● PROMPT: Render every line of the data exactly as written, and leave out the pictures.

● DATA PROVIDED:
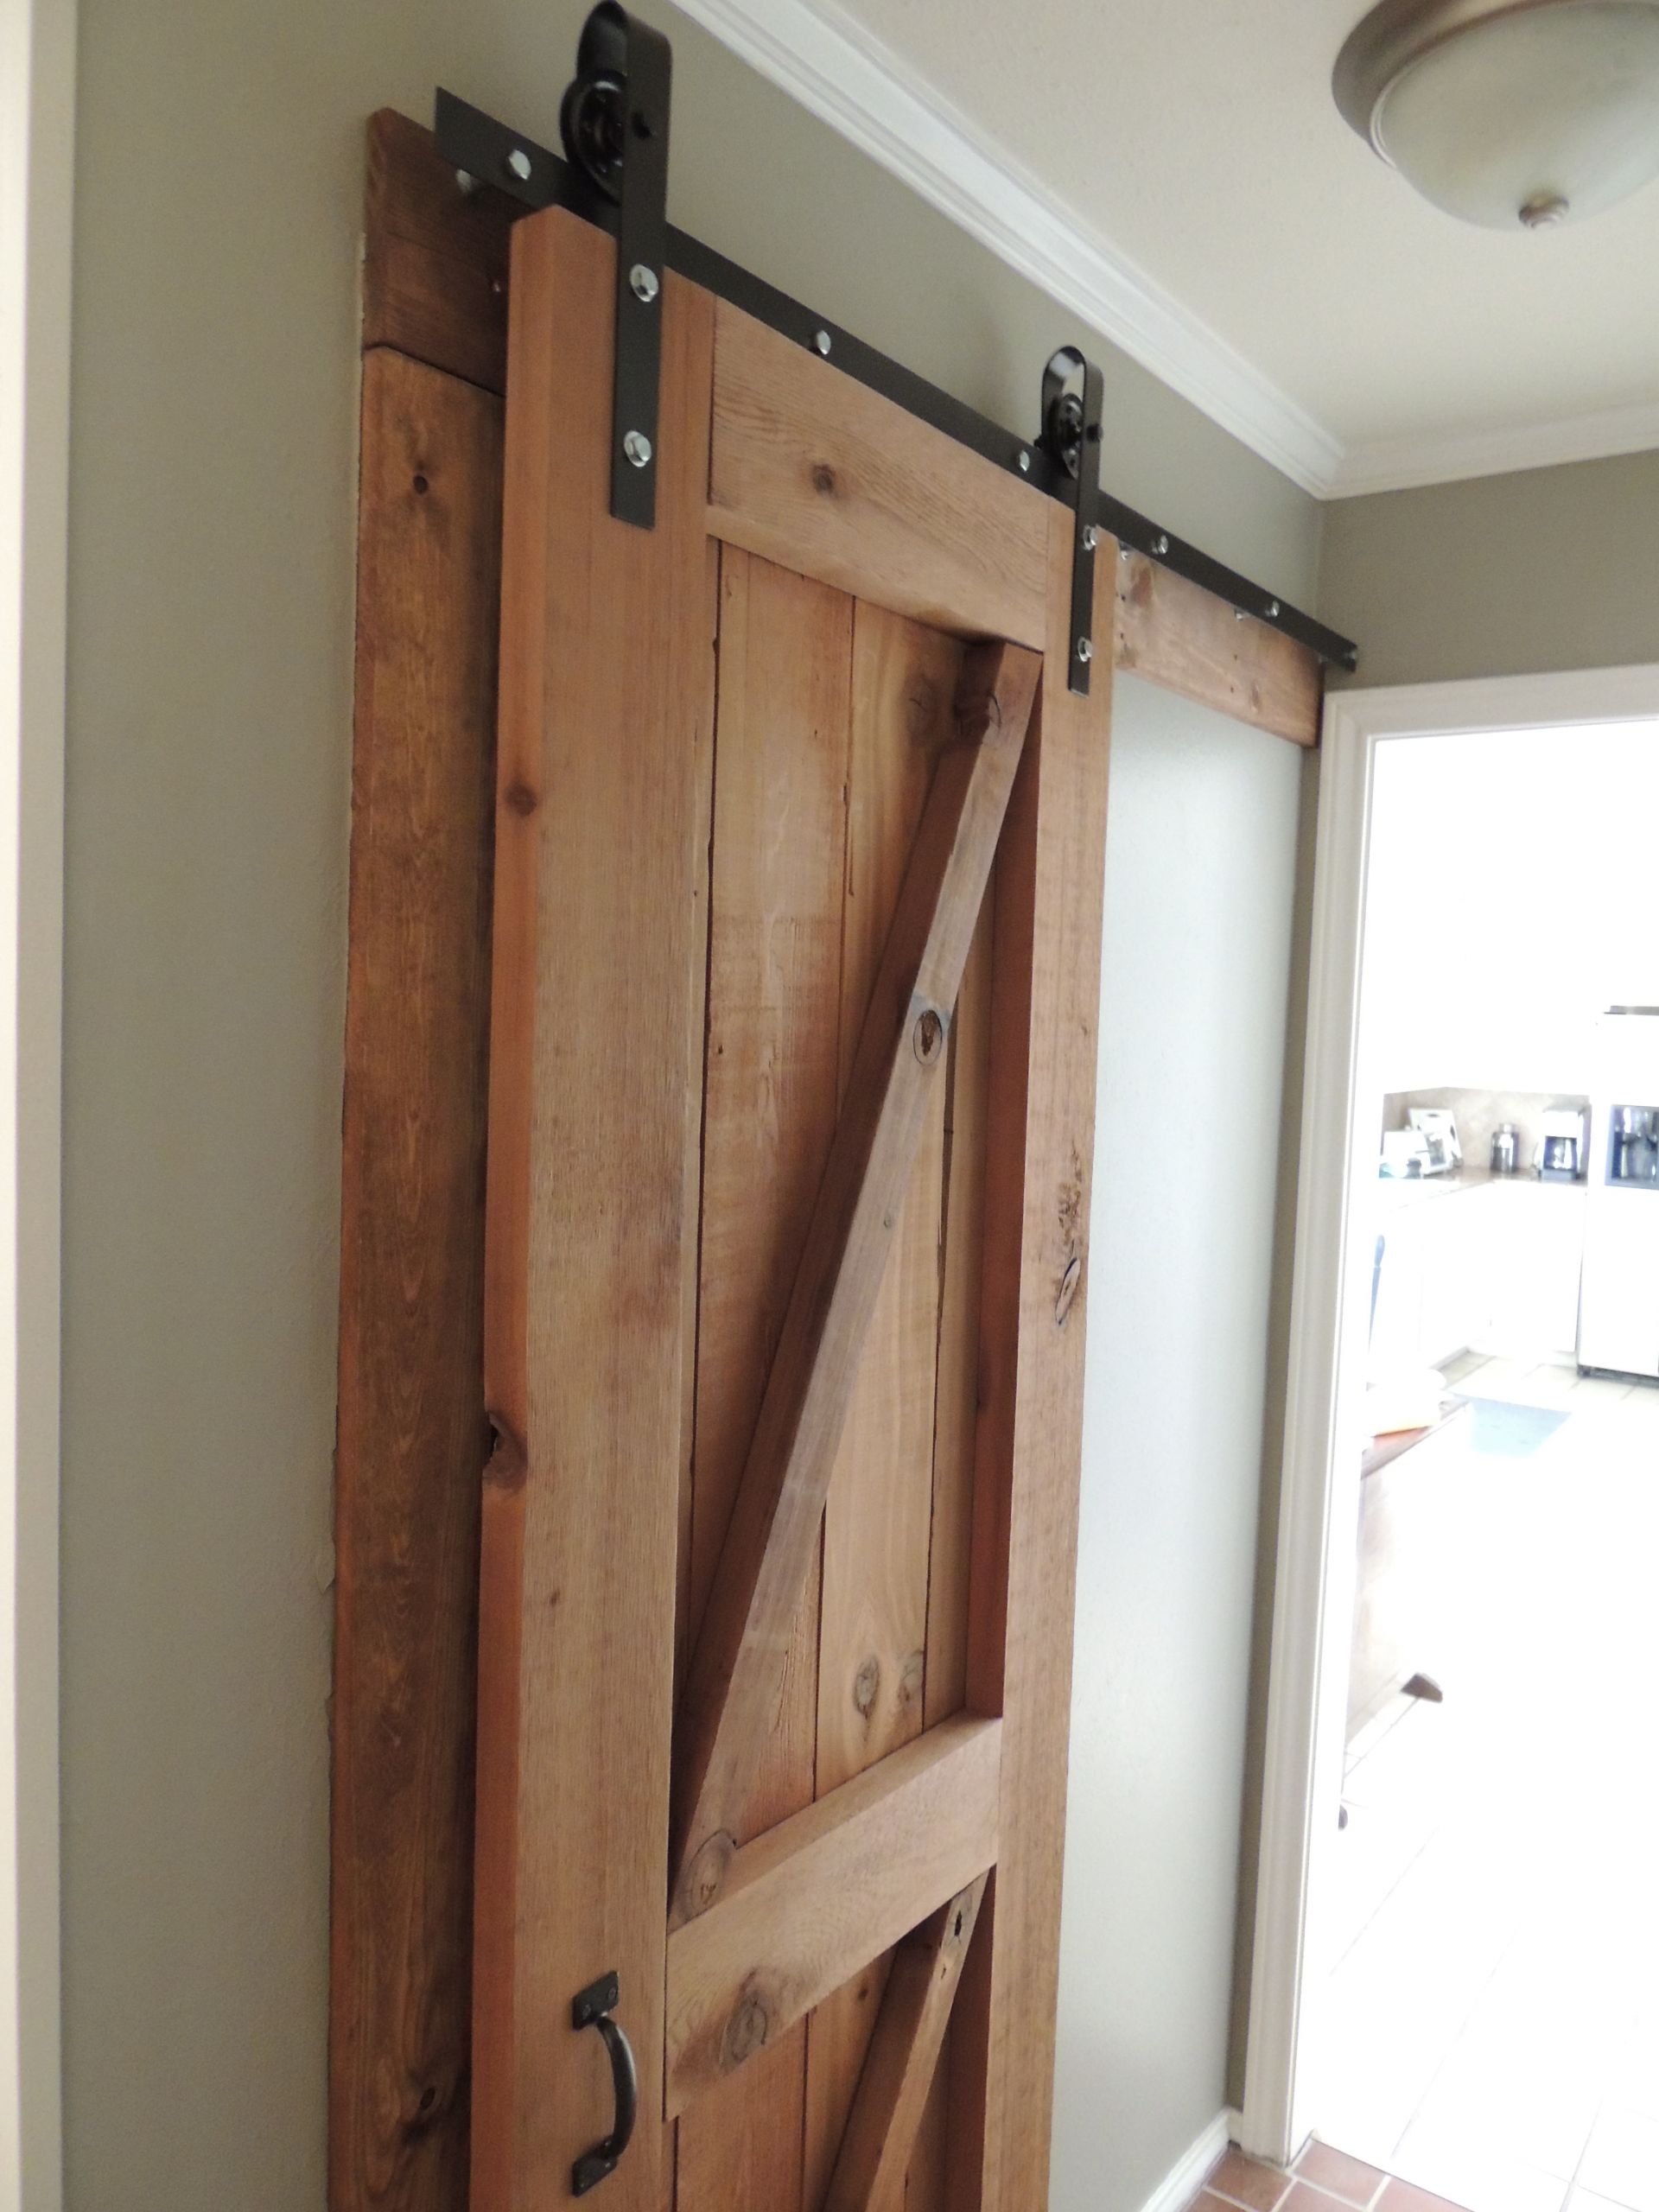 DIY Barn Door Plans
 Let Us Show You the Door Hardware
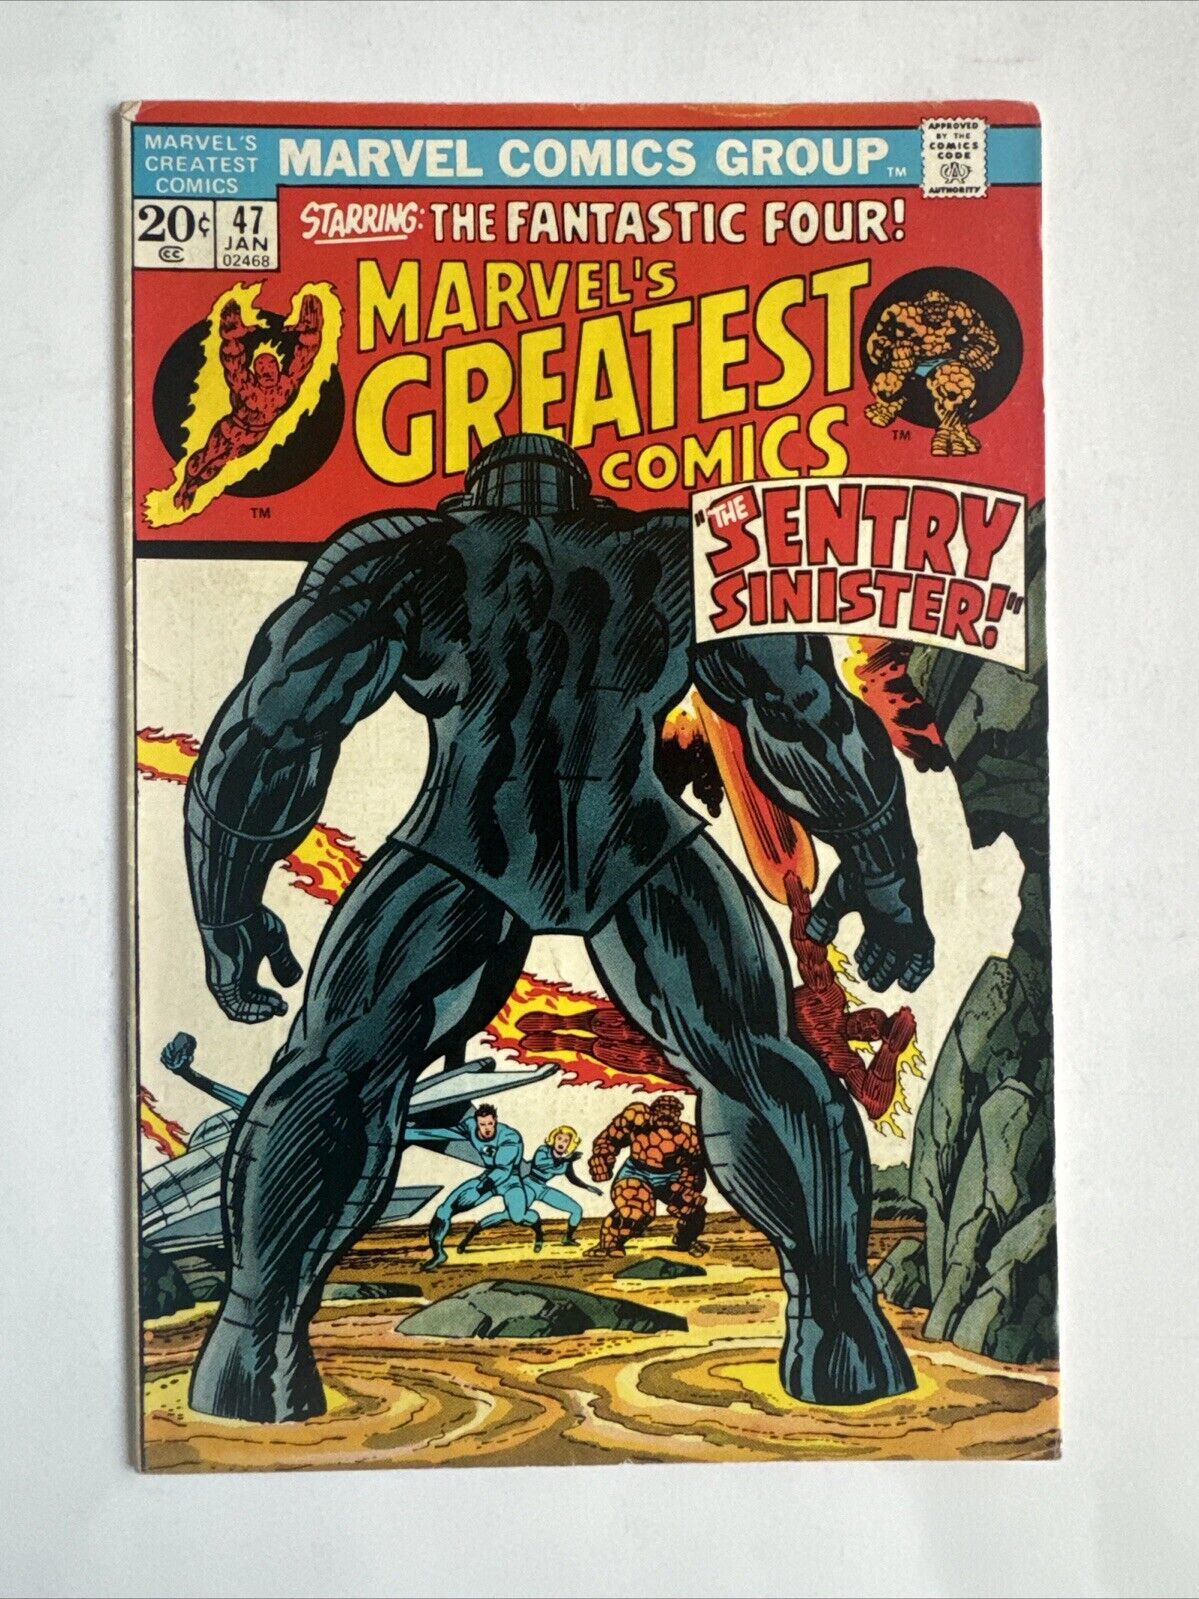 MARVEL\'s GREATEST COMICS #47 January 1974 Fantastic Four Vintage Marvel Comics
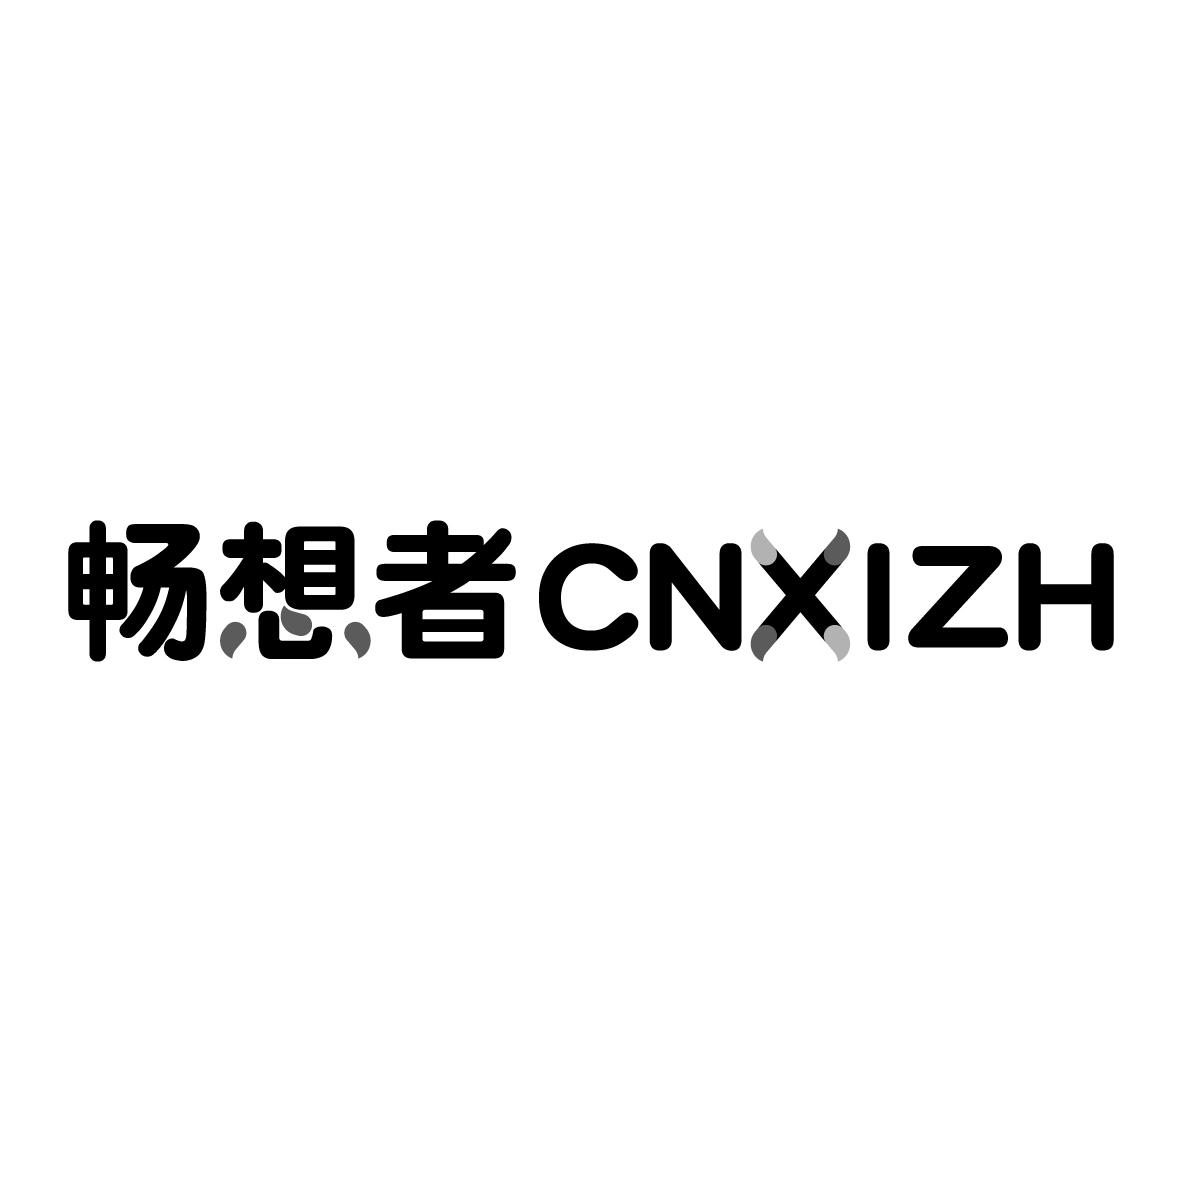 畅想者 
CNXIZH教育信息商标转让费用买卖交易流程

● SOLUTION FOR THIS PROBLEM:
 DIY Barn Door Plans
 Let Us Show You the Door Hardware
 MARVEL\'s GREATEST COMICS #47 January 1974 Fantastic Four Vintage Marvel Comics
 畅想者 
CNXIZH教育信息商标转让费用买卖交易流程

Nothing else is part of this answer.